WePay uses Apache Kafka as its real time message broker service to publish and consume realtime events. Messages published to Kafka topics can adhere to a specific schema. To manage the schemas in a centralized location, we use Confluent’s schema-registry, which provides a RESTful interface for storing and retrieving Apache Avro schemas. Having a schema registry is important because it provides a central location to store schemas across all of our applications, which makes it easier for systems to integrate with one another. The registry is also an instrument to enforce certain policies for the data, such as preventing newer schema versions in a topic from breaking compatibility with existing versions. In this post, we’ll describe how we worked with Confluent to integrate its Python client and schema-registry, so we (and others) can send and receive messages in Python using Avro.

Why integrate?

Using a common shared Avro schema-registry is advantageous in many ways. It provides safe schema evolution, and helps with the organizational challenge of data management and data policy enforcement. But this introduces an additional step of fetching schemas from the registry, and encoding messages every time a message is published into Kafka stream (and decoding the message when consuming it). This becomes a common routine for every message published and consumed. The current Python Kafka client provided by Confluent did not have the built-in capability to deal with Avro schemas the way that the Kafka Java client supports pluggable serializers and a Confluent Avro implementation. WePay has introduced a wrapper in the Confluent client to solve this problem, and it’s been merged into the main Confluent Python client repository.

Implementation

The Kafka Avro client is a Python package extending the basic capabilities of Confluent’s Kafka client. It is a wrapper on top of Confluent’s Kafka library. This provides objects to manage connectivity to the schema registry, which is heavily based off of Confluent’s schema registry Java API. The client communicates with the schema-registry server over the typical HTTP/HTTPS protocol. The wrapper also does the heavy lifting of message decoding and encoding with Avro schemas. Both AvroConsumer and AvroProducer wrappers are provided, and they both implement caches to keep schema_id to schema mappings.

The diagram below shows the message handling part of the Kafka Avro client.

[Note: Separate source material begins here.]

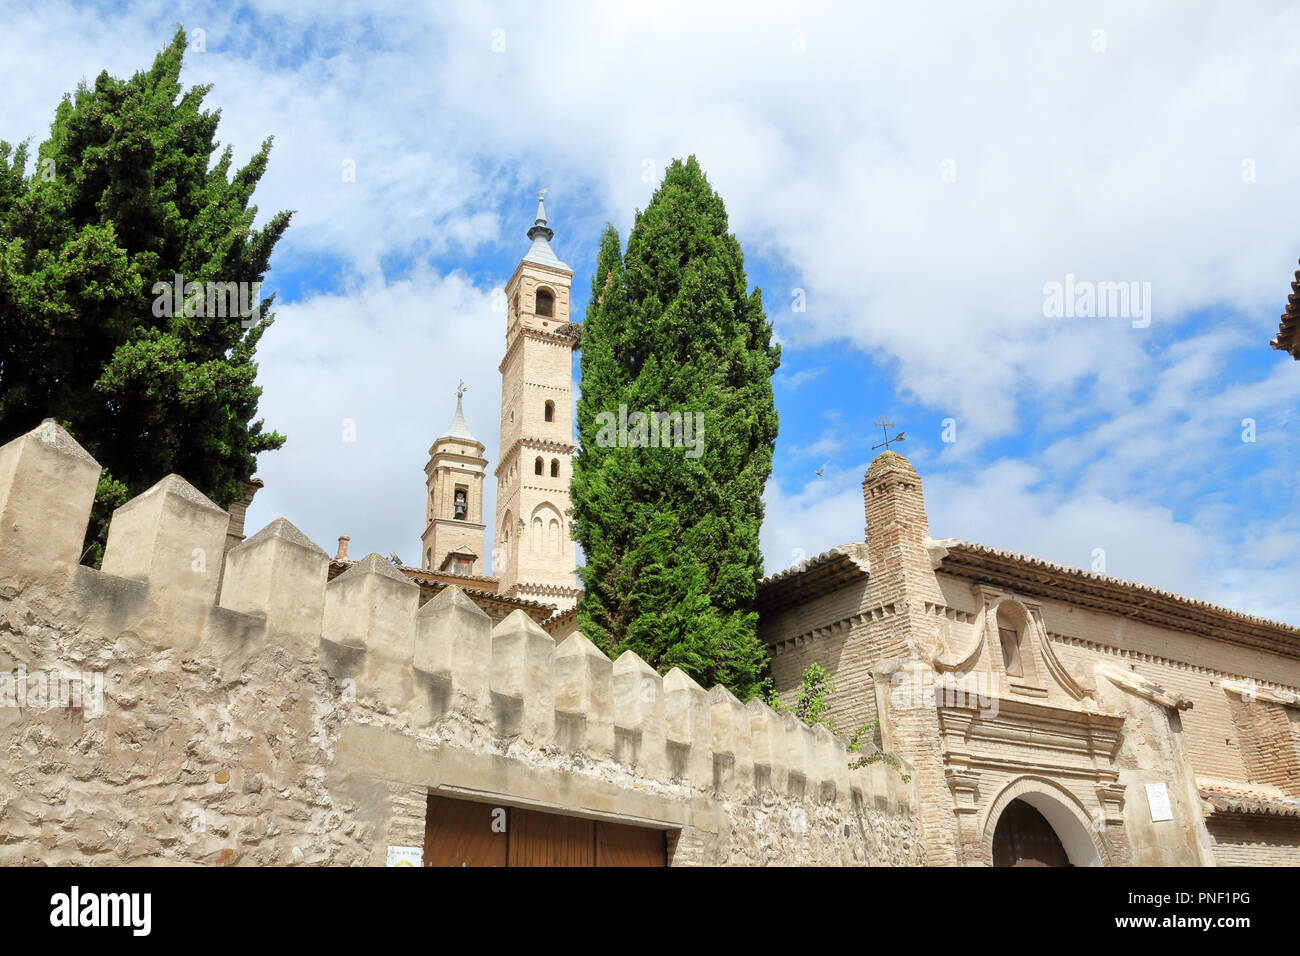 The bell tower of the Holy Mary Collegiate ( Colegiata de Santa Maria), seen from the Calle Goya street in Borja, a small Aragonese town in Spain Stock Photo

Kafka Avro client dataflow

AvroProducer

The schema-registry server returns a unique schema_id when a new schema is registered. The Avro producer client takes a message and a schema as input. The client first checks the cache for schema_id for the corresponding schema. If the schema is already registered with schema-registry server, then that schema_id is picked from cache. The message is then encoded with the Avro schema and the schema_id is attached to it and published to Kafka topic. If the schema_id is not found in cache, then the schema is registered with schema-registry server and the schema_id is stored back in cache for future use.

AvroConsumer

The Avro consumer is responsible for pulling a message from Kafka and decoding the content. A message is polled from the Kafka and unpacked to get the schema_id for decoding. The Avro consumer also has a cache, which manages schema_id to schema mappings. The Avro consumer looks into the cache for the stored schema. If schema is not present, Avro consumer makes an API call to the schema-registry server to get the schema for the corresponding schema_id present in the message pack. Then it decodes the message against the Avro schema to get the original message structure.

Message Structure

In order to interoperate with other Kafka ecosystem consumers and producers that use the Schema registry, the standard message format payload is followed. Every message published to Kafka topic through this client will have three parts

  • Magic byte: Used to store the version of the schema for the payload being sent
  • Schema_id: Unique id associated with the Avro schema with which the message is been encoded
  • Message: Actual bytes of the encoded data

Conclusion

The new Avro Kafka client frees the user from having to encode and decode messages with Avro schemas when publishing and receiving messages through Kafka. The client also manages interactions with the schema-registry. The code is available here, as part of the standard Confluent Python Kafka client.